I think we can spend some more time finding a precise explanation to the usual behaviour you've observed, or we can use this knowledge to conclude that the setting the command in the agent-stack-k8s podSpec to [bash, -c] or something similar is redundant. Instead, we can just try something like this:

agents:
  queue: kubernetes
steps:
- label: Test command without args
  plugins:
  - kubernetes:
      podSpec:
        containers:
        - image: alpine:latest
          command:
          - |-
            buildkite-agent annotate "This is a test annotation"
            echo "another thing" | tee artifact.txt
            buildkite-agent artifact upload artifact.txt

This seems to work for me: Screenshot 2024-03-13 at 00-04-25 K8s Private #55 · Nepa's Test Org

triarius commented 6 months ago

Now, back to the original question of allowing the usual Buildkite Pipeline YAML syntax where a command can sometimes be a YAML list where each element is run in sequence:

step:
- command:
  - buildkite-agent annotate "This is a test annotation"
  - echo "another thing" | tee artifact.txt
  - buildkite-agent artifact upload artifact.txt

I think there is going to be a some confusion between this and the expectation in Kubernetes that command is always a YAML list where the first element is an executable and the next are arguments to that executable.

I think, in agent-stack-k8s, you can achieve running multiple commands chained together, as demonstrated at the end of my previous comment. I'm hesitant to introduce two different ways of doing the same thing.

Let me know if your ask is to be consistent with the non-k8s behaviour, or to just get multiple commands working in a single step. If it's just the latter, I should just fix up the documentation.

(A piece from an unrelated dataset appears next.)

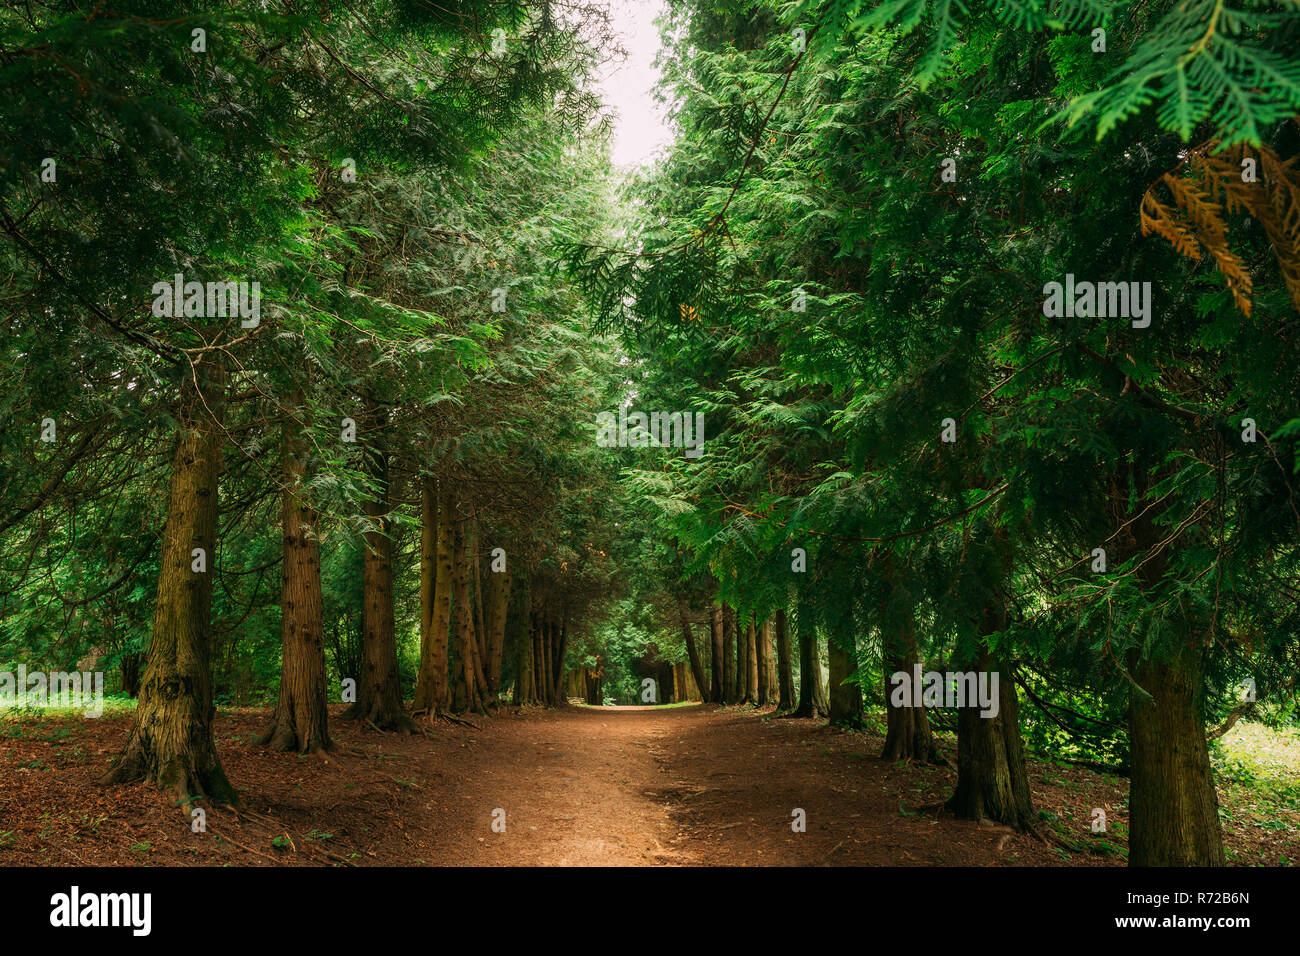 Walkway Lane Path Through Green Thuja Coniferous Trees In Forest. Beautiful Alley, Road In Park. Pathway, Natural Tunnel, Way Through Summer Forest. T Stock Photo

bpoland commented 6 months ago

Oh wow, I didn't think to try just setting command haha. Yes my goal is just to be able to run multiple commands without too much boilerplate and this does that. Yes I think making it more clear in the documentation that this is an option (and likely calling out the difference from the "standard" Buildkite yaml) would be good.

I guess the only downside to this approach is that each command is not grouped separately in the output, making it a little more difficult to tell where the output from one ends and the next one starts (depending on the commands being run obviously). I tried using the bash -x like you did but I wonder if this is possible with the command way? Also it seems like combining that with the +++ or --- echos for command grouping behaves a little weird (where the + echo to create the group gets printed in the group right before). Do you think it would be possible for the agent to detect newlines and automatically group each one in the Buildkite UI?

DrJosh9000 commented 1 week ago

Coming back to the original request (multiple commands), #371 will change podSpec/command interpretation to make multiple commands the default in the next release.

bpoland commented 1 week ago

Coming back to the original request (multiple commands), #371 will change podSpec/command interpretation to make multiple commands the default in the next release.

Thanks, yes that does look like it will solve this problem -- excited to try it out!